◆ **Data**:

*** Begin section ***

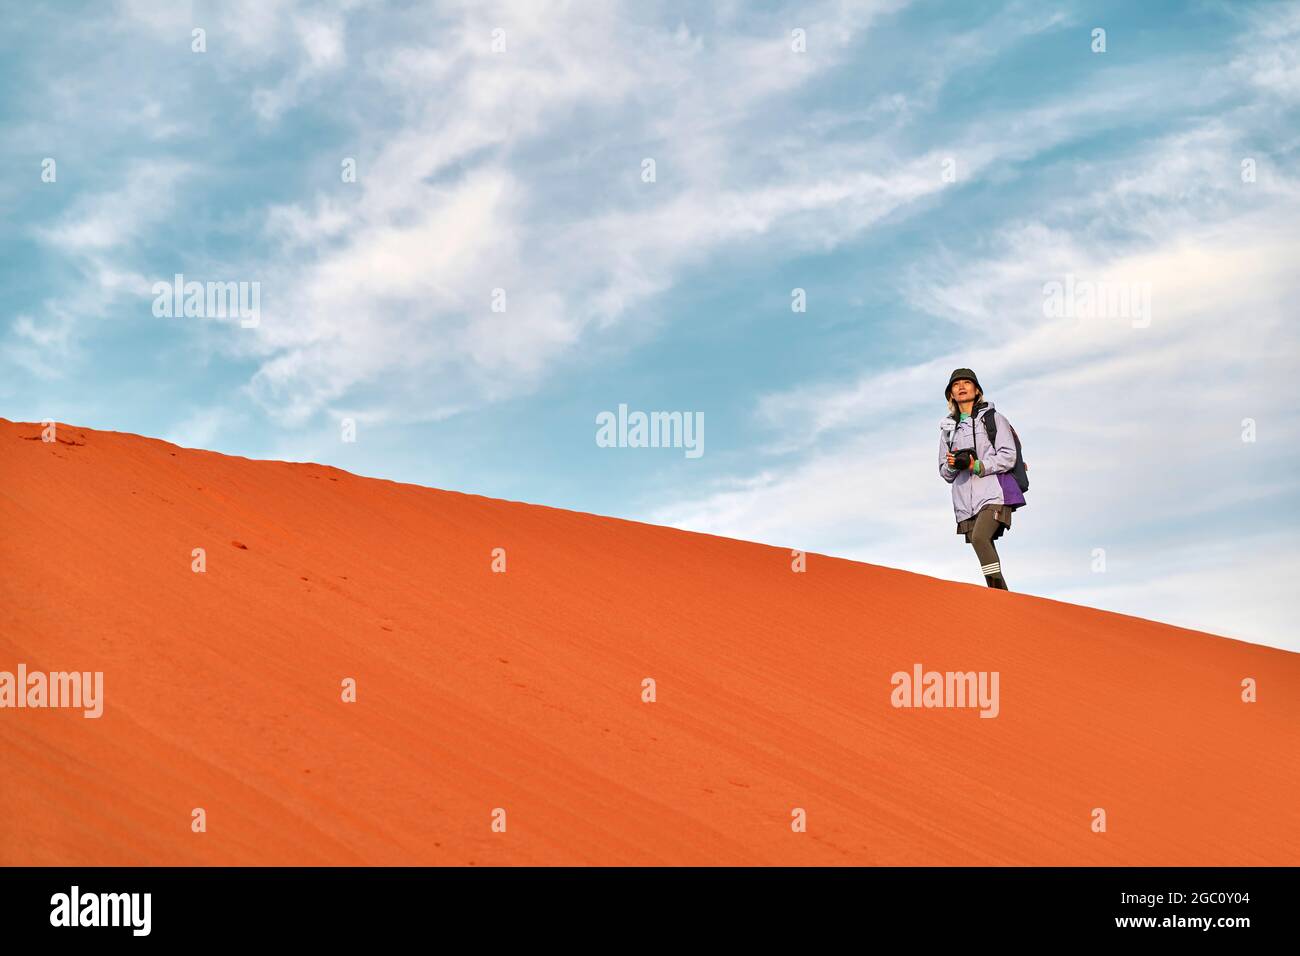 asiatische Fotografin, die auf dem Grat einer Sanddüne läuft und die Aussicht betrachtet Stockfoto
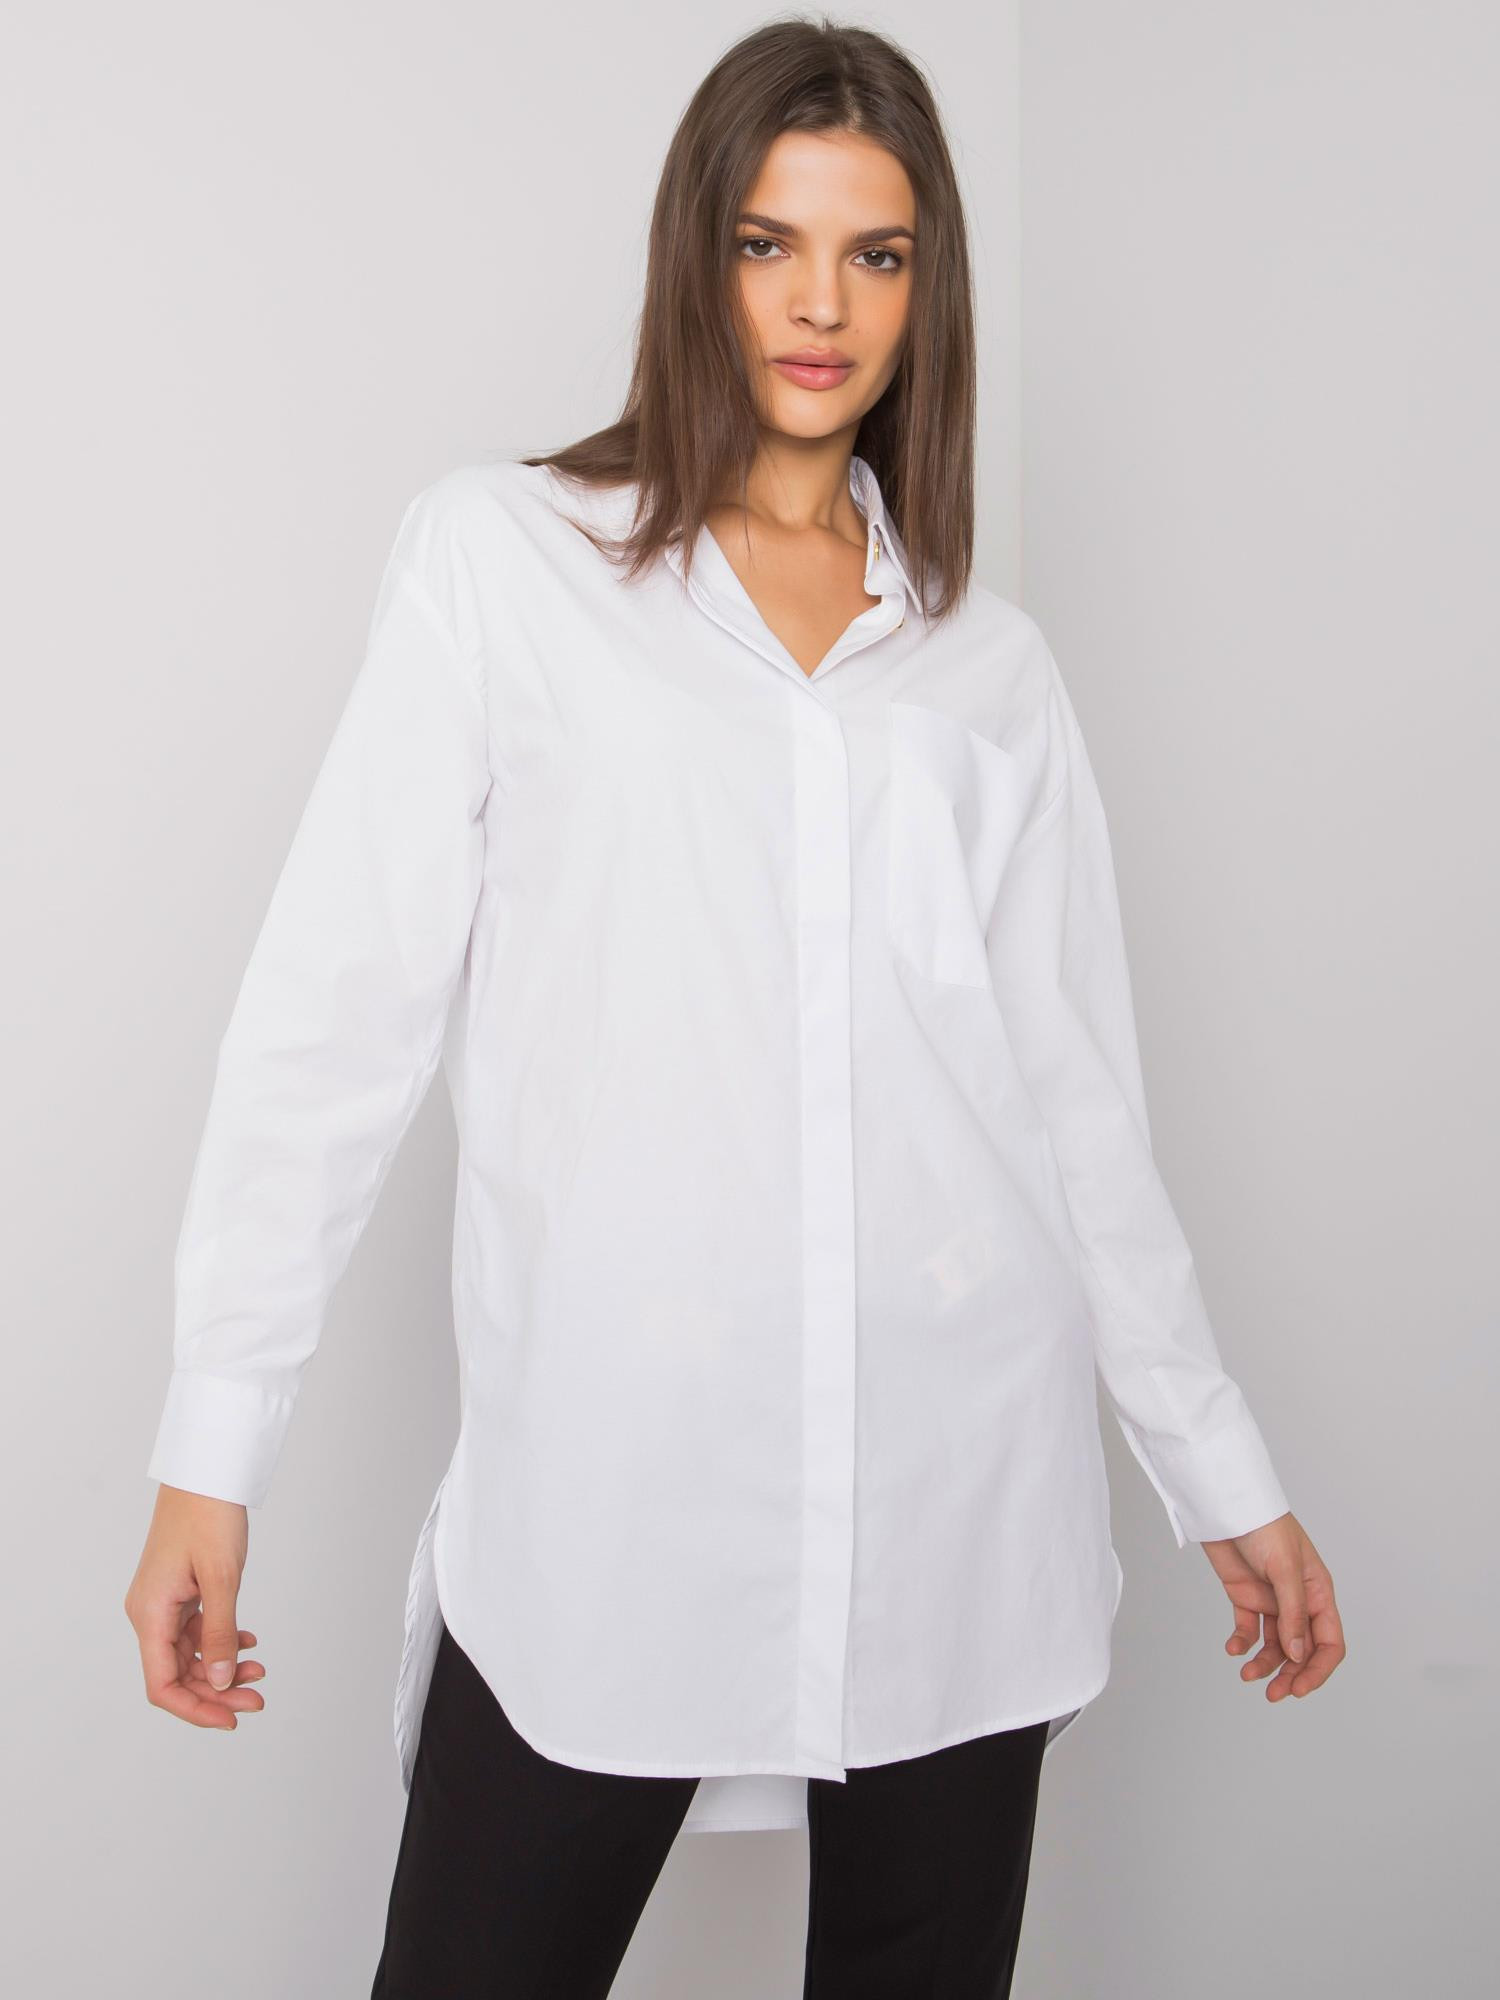 Dámská košile EM KS 005.34 bílá - Exmoda one size
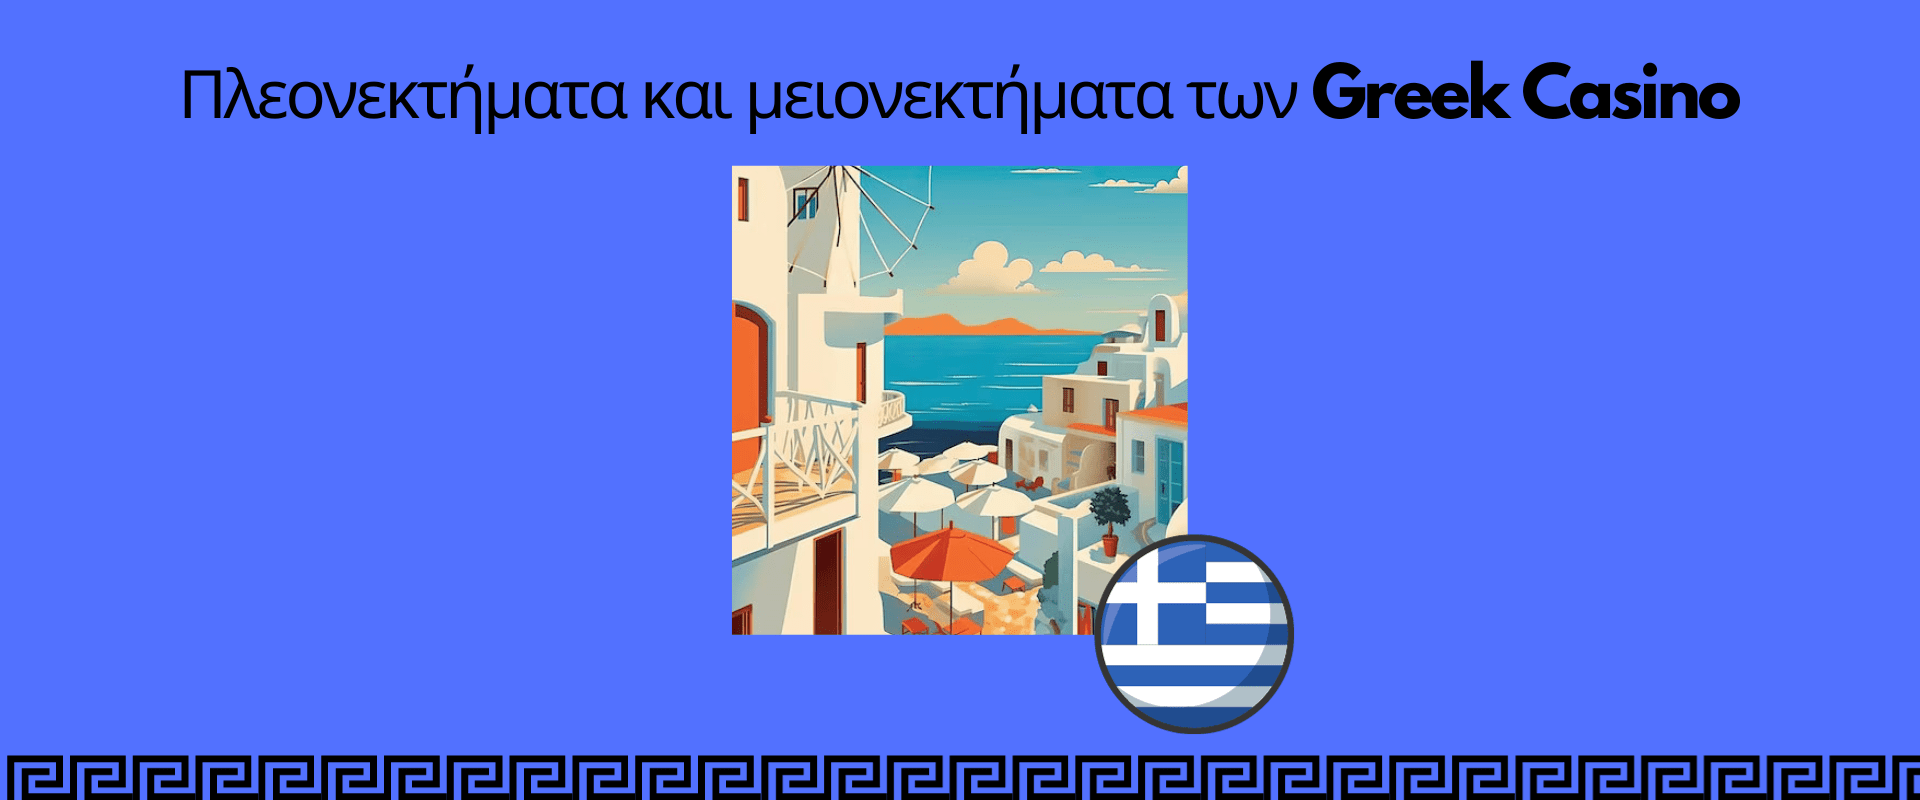 Πλεονεκτήματα και μειονεκτήματα των Greek Casino

*** End section ***

◆ **Directions for this task**:
In copying the material, drop all pictures and keep everything else identical.

◆ **Solution**:
 asiatische Fotografin, die auf dem Grat einer Sanddüne läuft und die Aussicht betrachtet Stockfoto
 Dámská košile EM KS 005.34 bílá - Exmoda one size
 Πλεονεκτήματα και μειονεκτήματα των Greek Casino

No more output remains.